Этой информацией Гелен поделился с американской разведкой. В результате от чешской резидентуры не оставили камня на камне. Клечка и несколько его сообщников были арестованы, других временно оставили гулять на свободе — главным образом для того, чтобы в Москве и Праге поломали над этим головы. 17 февраля 1949 года Клечка предстал перед американским Военным трибуналом и был приговорен к двадцати годам тюрьмы. В отместку в Праге возбудили дело против двух американских солдат, которых держали под стражей с самого Рождества — в праздничные дни их угораздило перейти границу. Эти двое, сержант Кларендоне Хилл и рядовой Джордж Джонс, решили судьбу Клечки. Чтобы вызволить их двоих, верховный комиссар оккупационной зоны генерал Клей скостил ему срок до пяти лет, намекнув, что его могут депортировать даже раньше. Сработала старая хитрость коммунистов — они в который раз продемонстрировали «заботу о своих агентах», обменяв их на иностранцев. Но как только освободили Хилла и Джонса, американцы нанесли ответный удар — разгромили оставшуюся чехословацкую резидентуру, вслед за этим последовали четыре судебных разбирательства. Большинство обвиняемых получили длительные тюремные сроки. Руководство чехословацкой службы госбезопасности пыталось обратить себе на пользу то внимание и сочувствие, которым пользовались у американцев беженцы из Чехословакии. Людей, стремившихся уехать на Запад, в особенности судетских немцев, склоняли к сотрудничеству с органами госбезопасности. Бывало, что прибегали и к угрозам: мол, в случае отказа репатрианту не смогут гарантировать безопасность родных и близких.
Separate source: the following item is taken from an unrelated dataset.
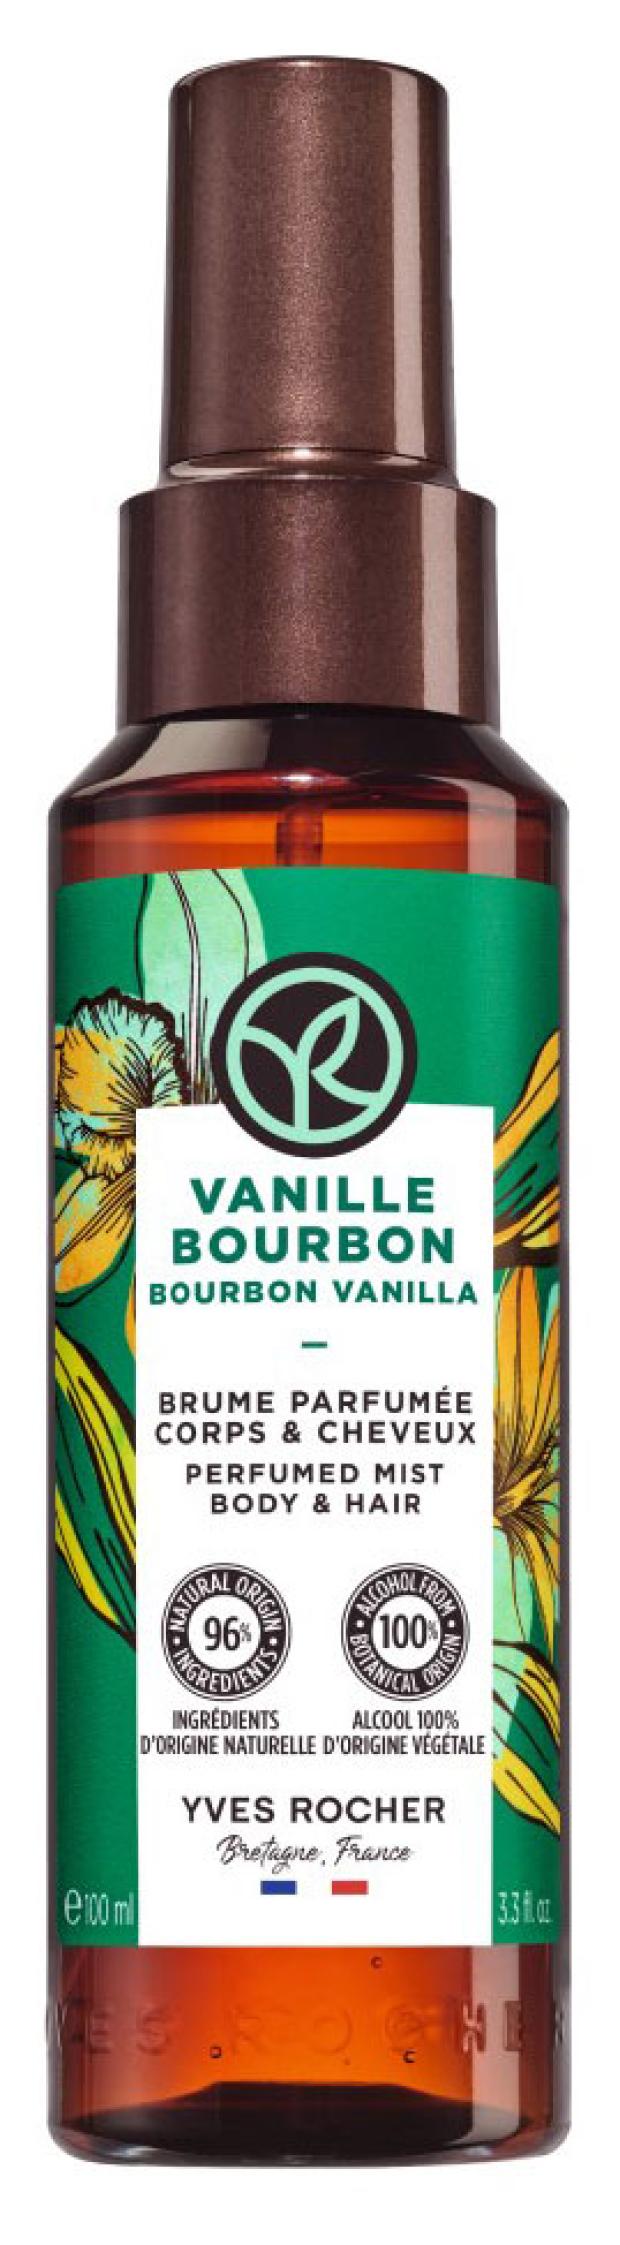 спрей парфюмированный для тела и волос yves rocher бурбонская ваниль
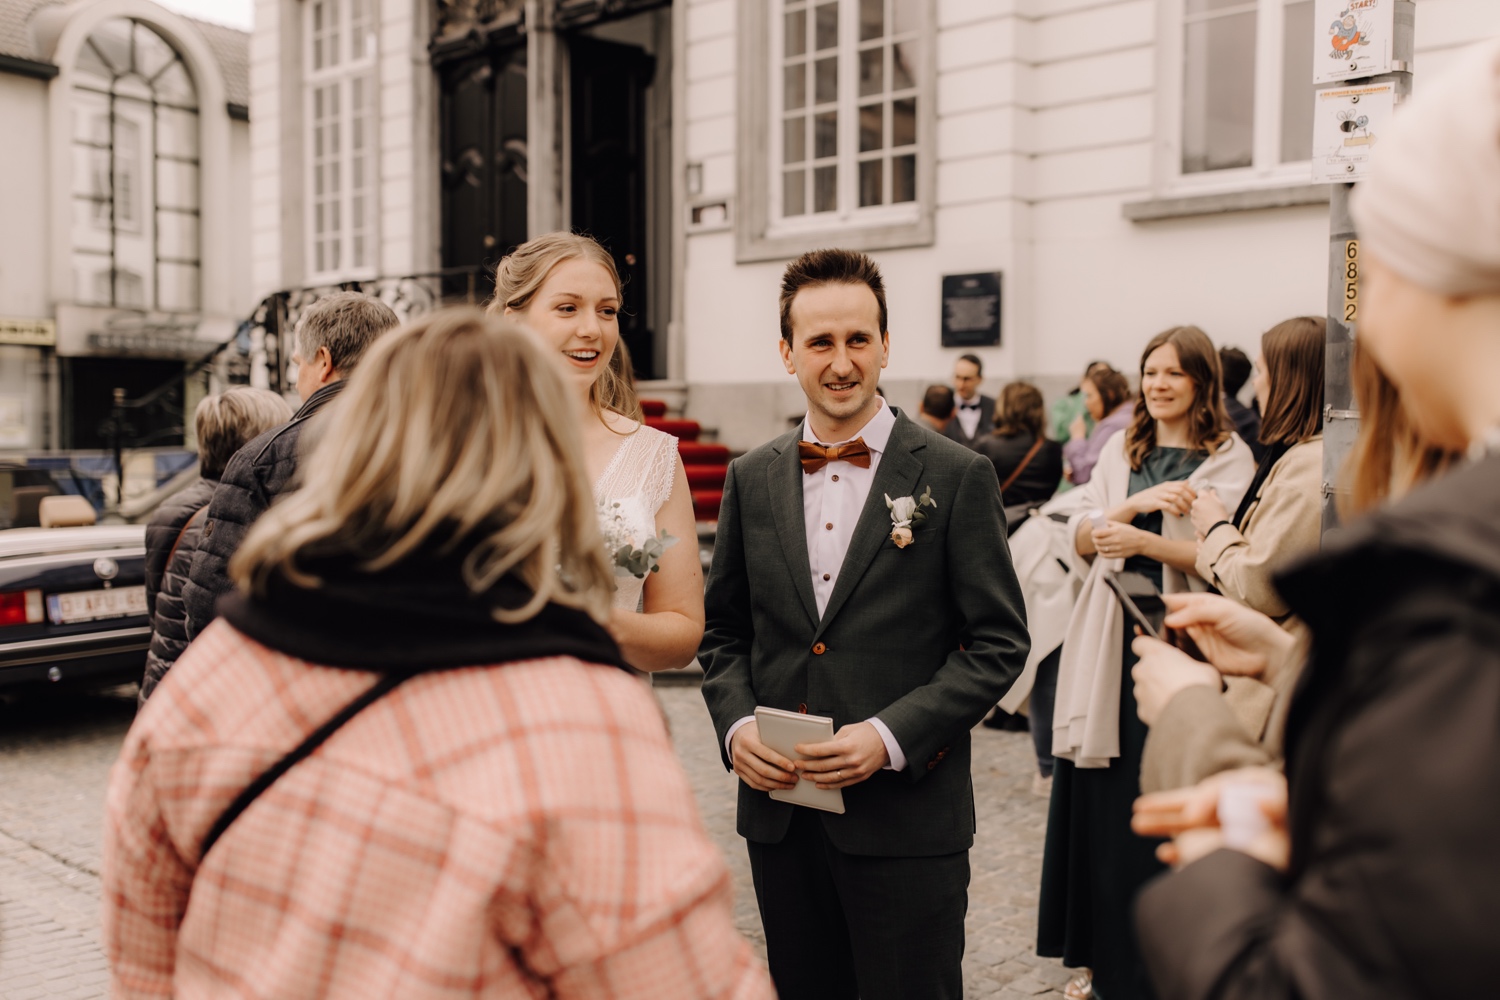 Huwelijksfotograaf Limburg - bruidspaar groet gasten aan het gemeentehuis

Гелен не раз беседовал об этом с генералом Клеем, генерал-майором Эрнстом Хармоном и командующим американскими войсками в Европе генерал-майором Макнарни. Он предупреждал их об опасности проникновения на территорию Германии вместе с беженцами большого числа коммунистических агентов. В ту пору в качестве вольнонаемных американских оккупационных администраций на разных должностях служили триста тысяч немцев из числа гражданских и перемещенных лиц. Гелен представил доказательство, что очень часто на эти должности проникают советские, чешские, польские, венгерские и югославские агенты, а также шпионы из Восточной Германии. Американцы же руководствовались принципом: пусть уж лучше десять виновных гуляют на свободе, чем по ошибке осудить одного безвинного. Пока Германия, стряхивая с себя последствия нацизма, медленно и мучительно возвращалась к законности и демократии, подобные соображения представлялись вполне разумными и обоснованными.

К счастью, операция «Богемия» решила некоторые из этих проблем. Помимо привезенных списков, Йержа-бек и Фейфар знали наизусть еще десятки имен агентов, работавших на чехословацкую разведку на территории Западной Германии. Пуллаховских аналитиков загрузили работой на целых несколько месяцев.

Помимо дотошного анализа полученной от допрашиваемых информации — а те были готовы предоставить мельчайшие подробности о своих начальниках и коллегах, об отношениях между чешской, польской, венгерской и советской разведками, а также по политическим и военным вопросам, — пуллаховские аналитики были вынуждены также взять на себя расследование случаев внедрения чешских и польских агентов в американские армейские службы, о чем им поведали Йер-жабек и Фейфар.

Шпион, который охранял американскую часть

В то время, как СИС разбиралась с остатками некогда разветвленной чешской разведки, в Баварию из Праги был заброшен агент по имени Анджей Токарчик. Его появление не вызвало в Пуллахе особых эмоций. Йержабек давно уже рассказал об этом человеке — Токарчик был по специальности радиотелеграфистом. Он сумел переправить с собой за границу не только радиопередатчик, но и крупную сумму денег. Спрятав радиотехнику, Токарчик явился в лагерь Международной организации по делам беженцев, прошел там проверку американской службы безопасности и вскоре получил работу в представительстве американской армии в Мангейме. Надо сказать, что особым умом он не блистал, и уже через несколько месяцев был взят с поличным при попытке переснять секретные документы. Однако то, что за этим последовало, нельзя назвать иначе, как фарсом.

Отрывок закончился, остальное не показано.